**Data to examine**
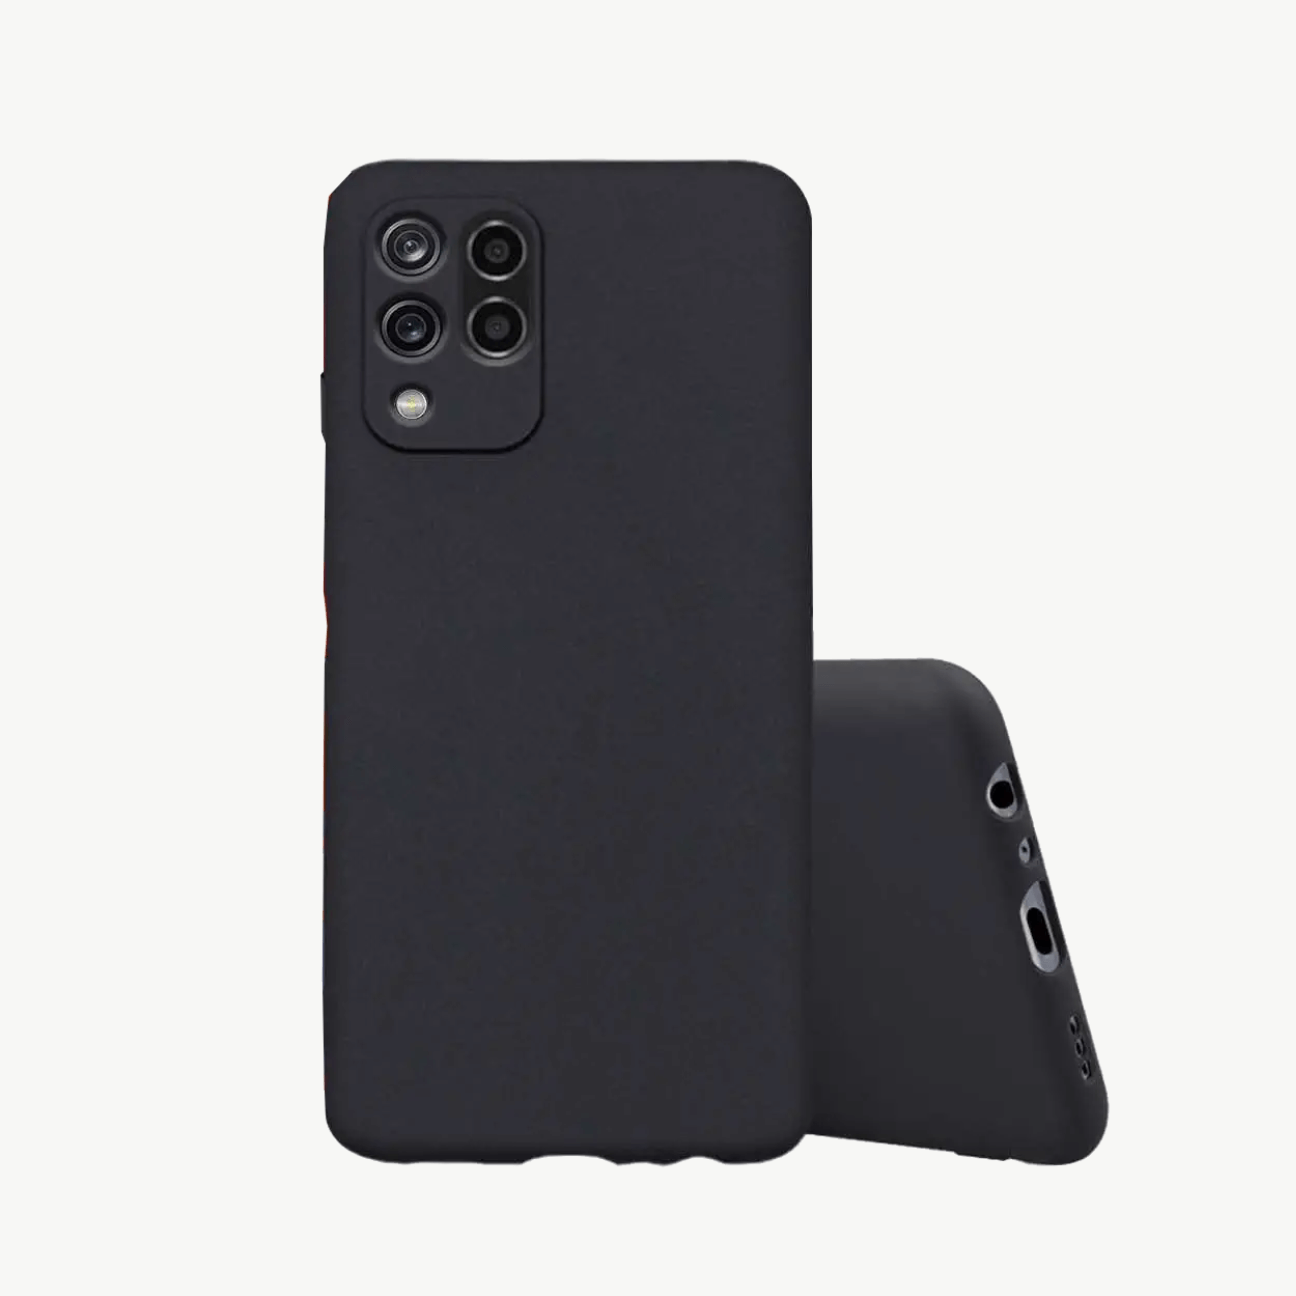 Oppo A3s Black Soft Silicone Phone Case
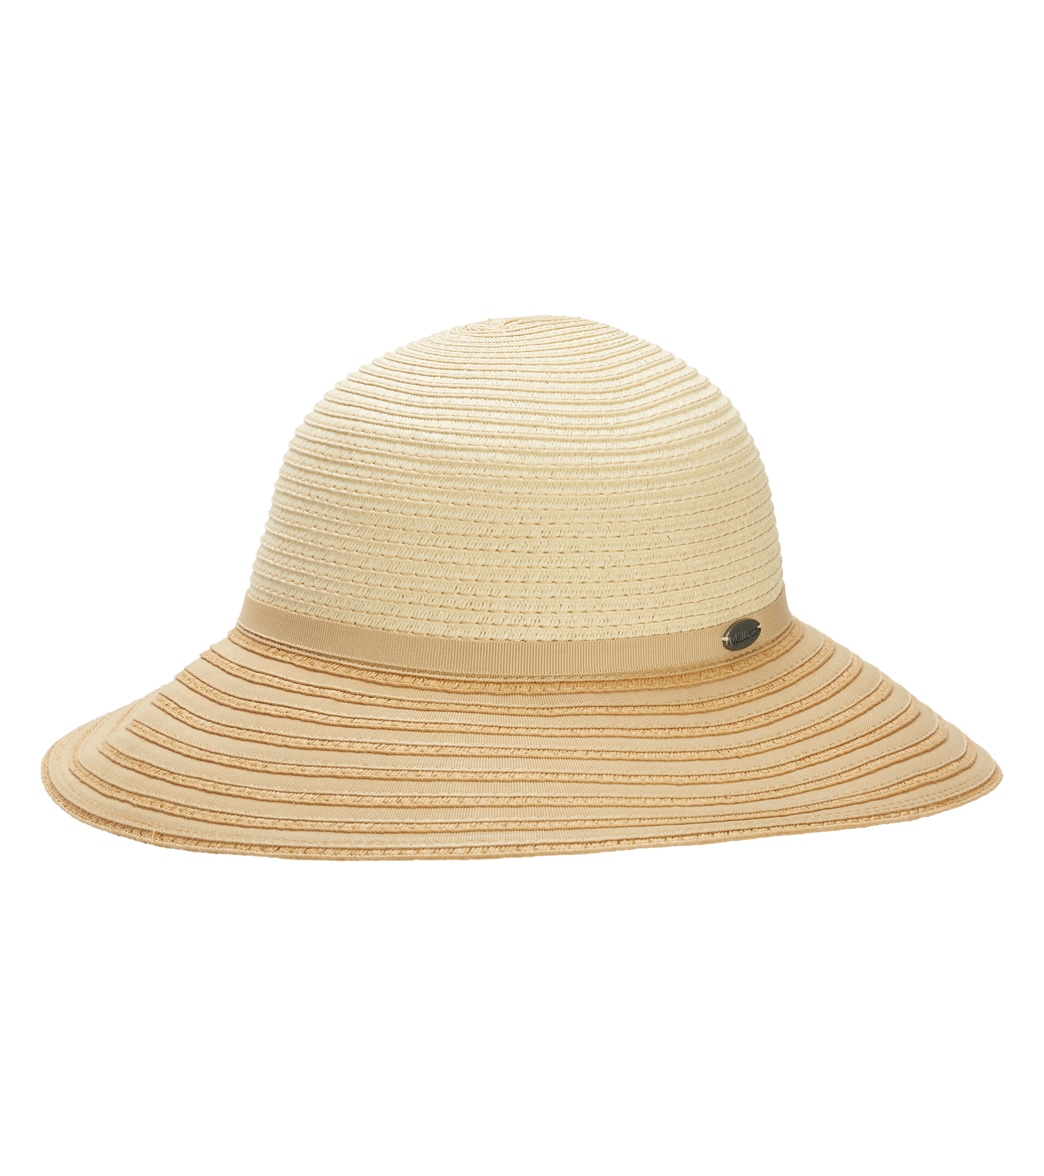 Wallaroo Women's Riviera Two Tone Paper Braid Hat - Natural/Tan One Size Polyester - Swimoutlet.com
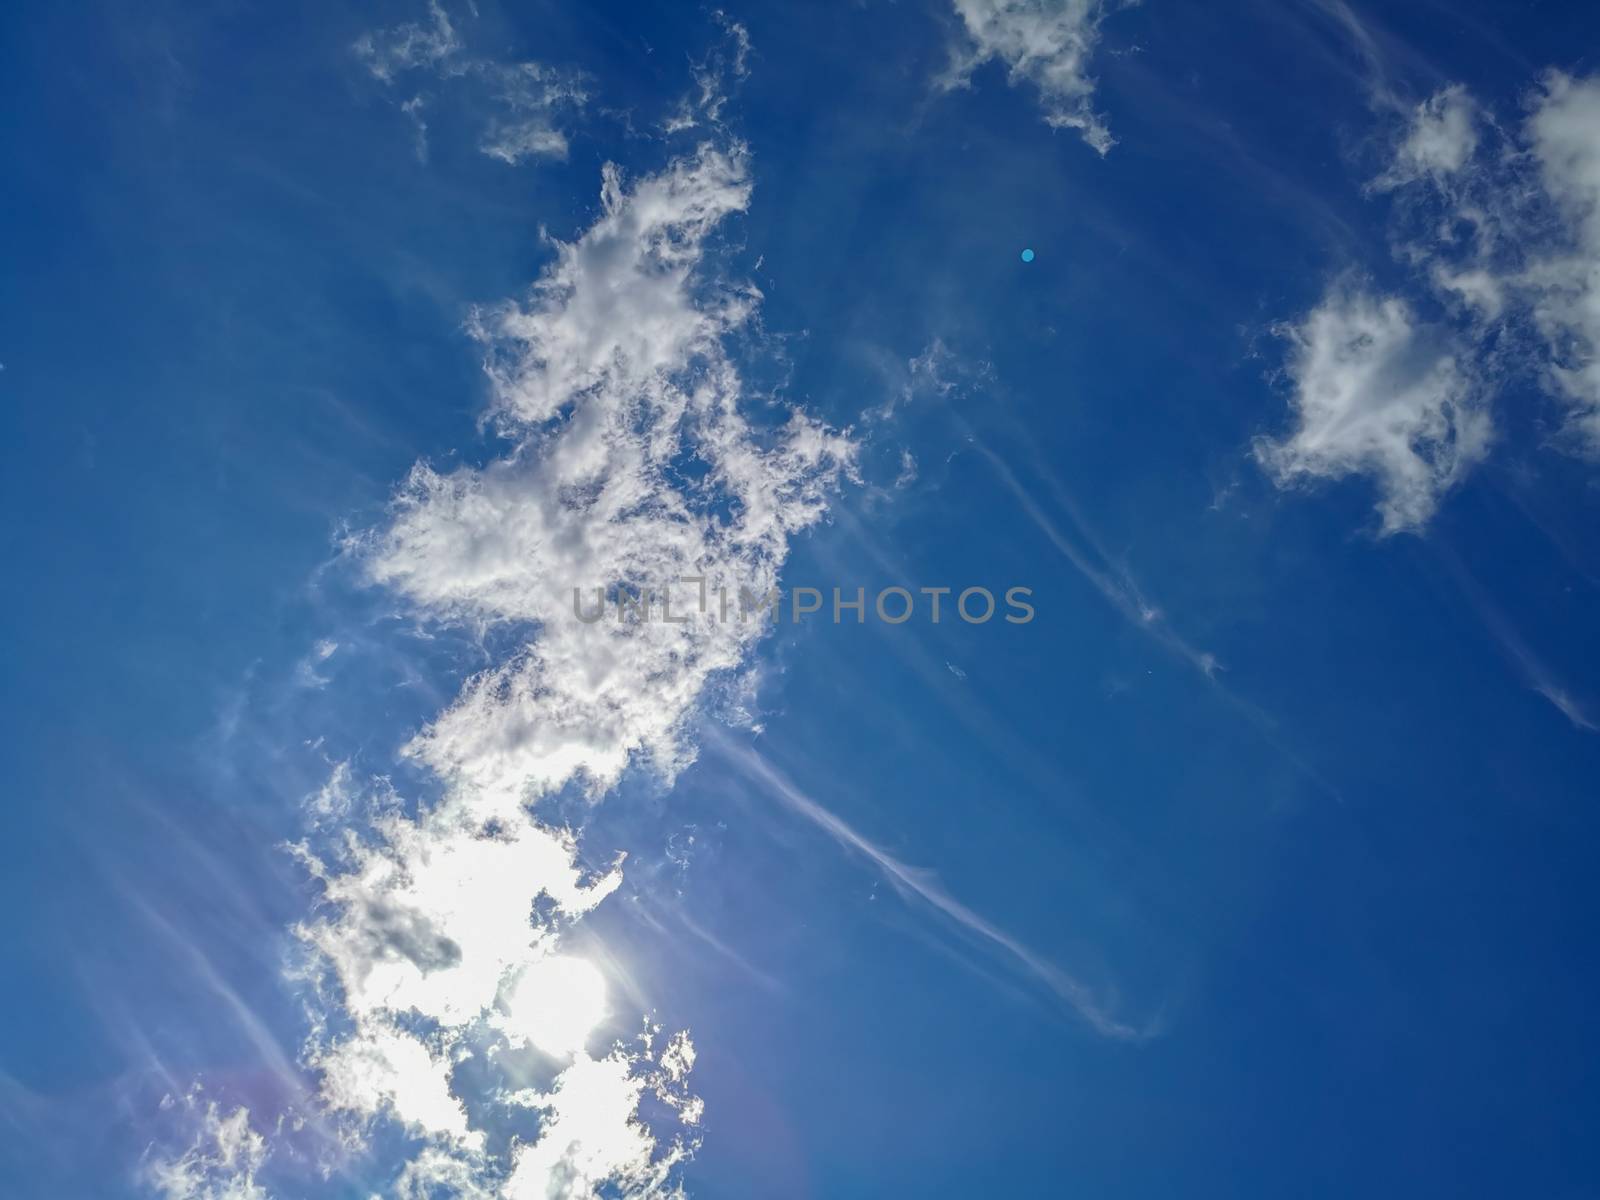 Clouds with blue a dark blue sky with copy space by PeterHofstetter
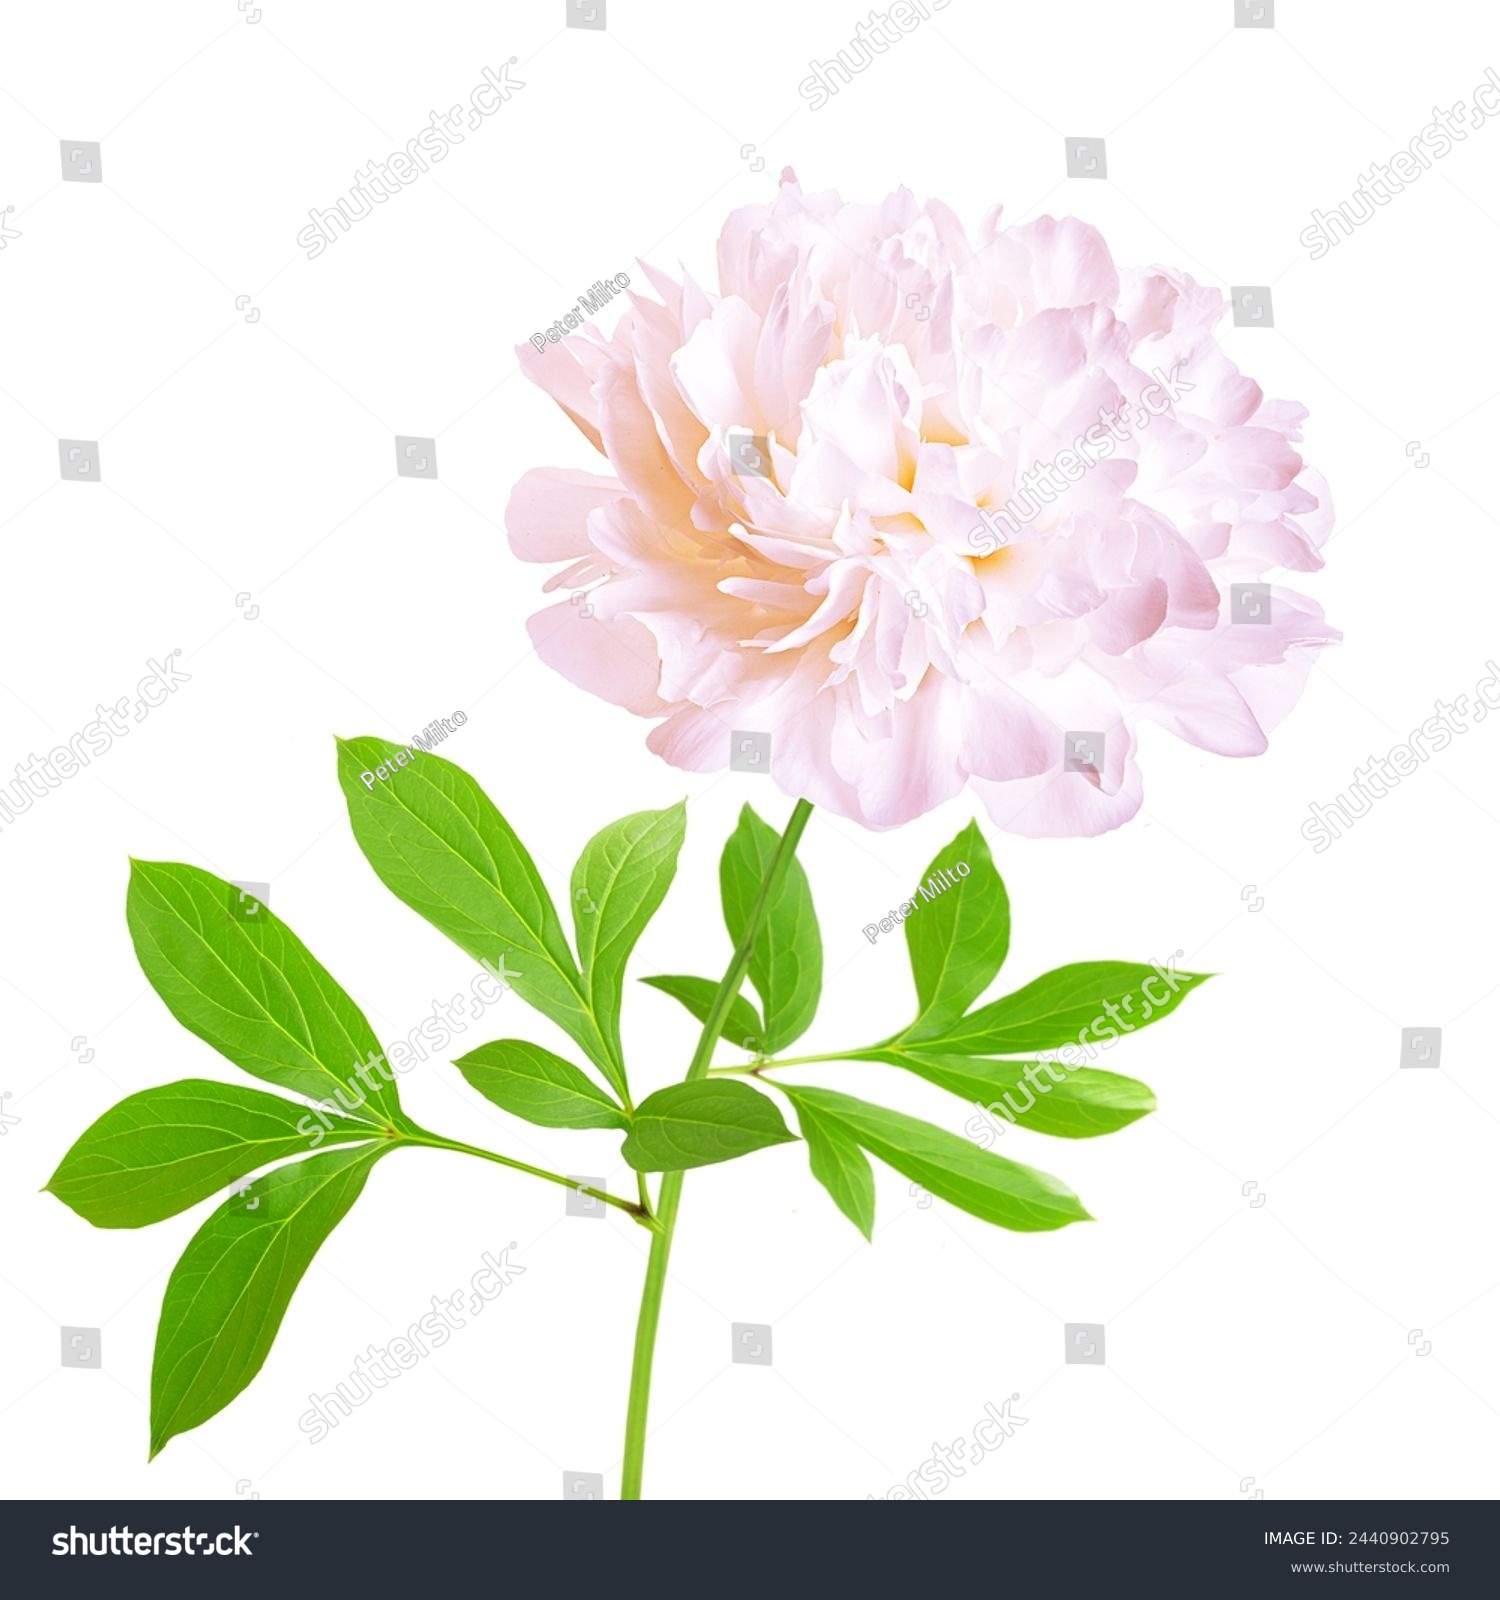 One isolated white peony flower with stem and leaves. White peony flower isolated. Working path saved #2440902795
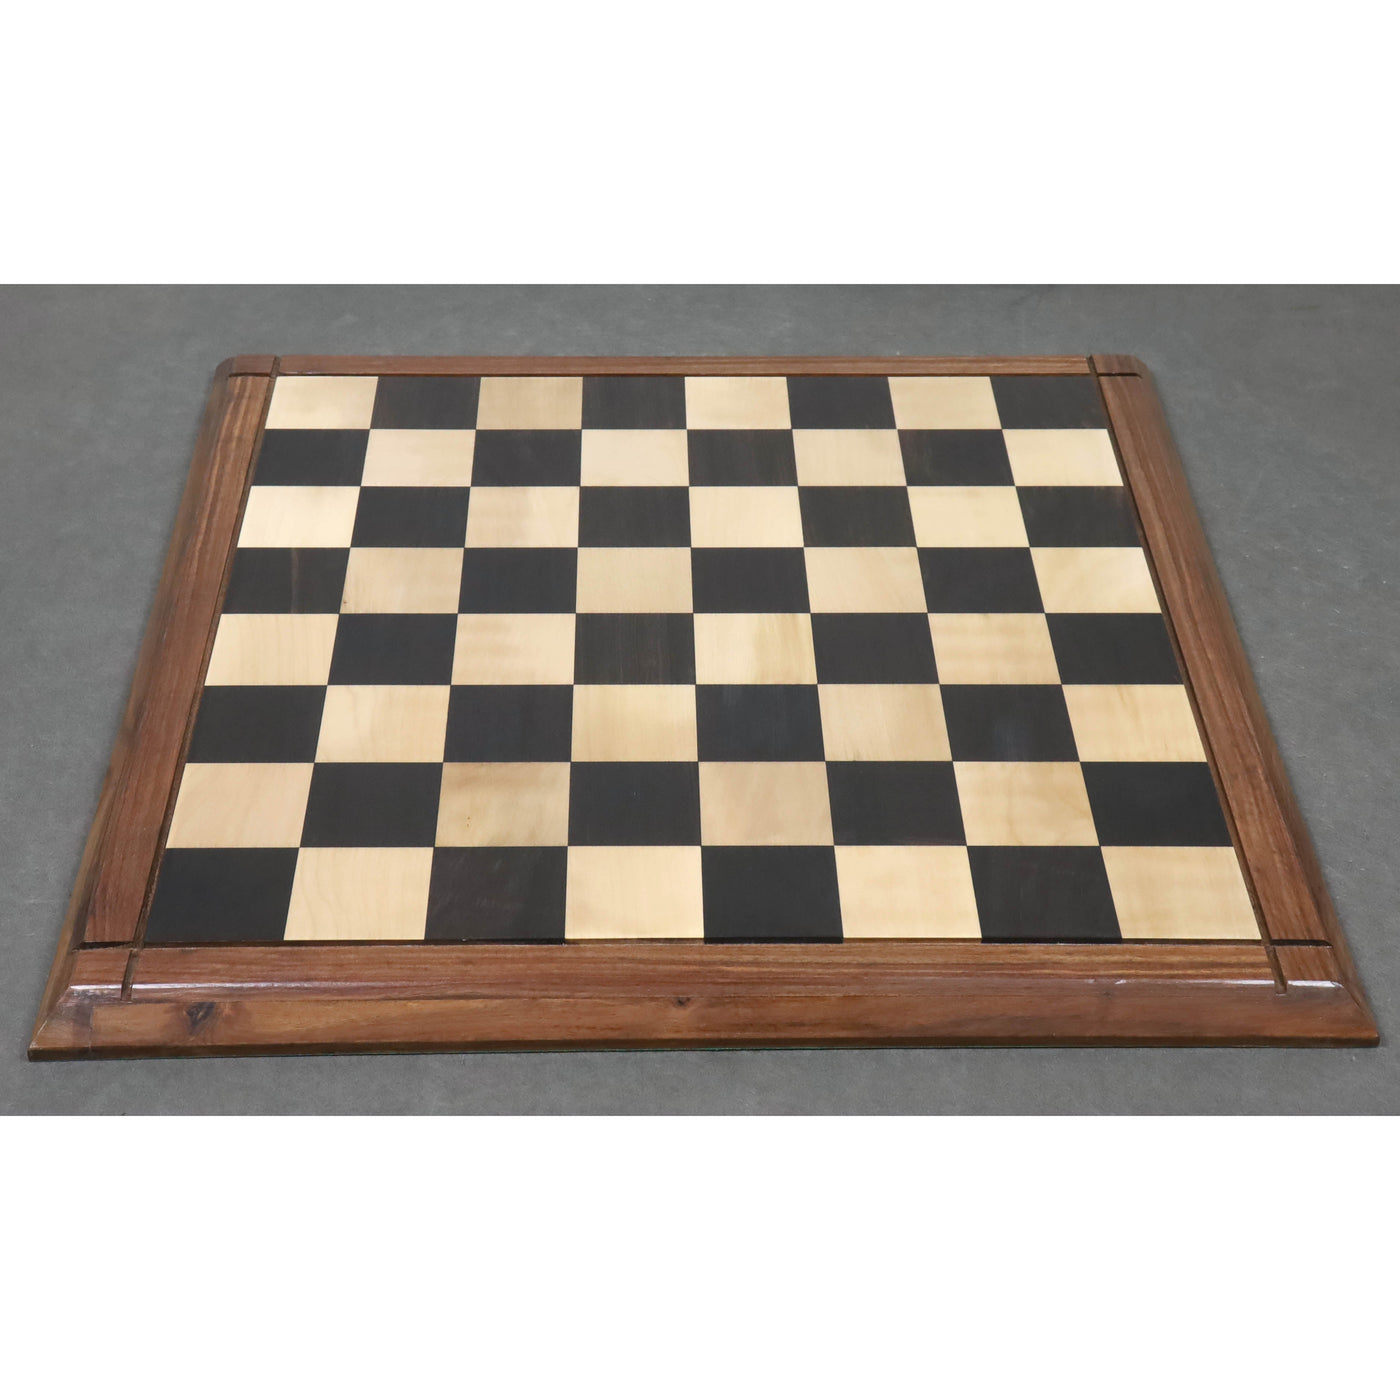 Combo of 3.9" Craftsman Series Staunton Chess Set - Pieces in Ebony Wood with Board and Box

**Problem to work on**
The complete material, set down exactly and stripped of pictures, is the expected response.

**Exercise output**
 Oppo A3s Black Soft Silicone Phone Case
 Wallaroo Women's Riviera Two Tone Paper Braid Hat - Natural/Tan One Size Polyester - Swimoutlet.com
 Clouds with blue a dark blue sky with copy space by PeterHofstetter
 One isolated white peony flower with stem and leaves. White peony flower isolated. Working path saved #2440902795
 Combo of 3.9" Craftsman Series Staunton Chess Set - Pieces in Ebony Wood with Board and Box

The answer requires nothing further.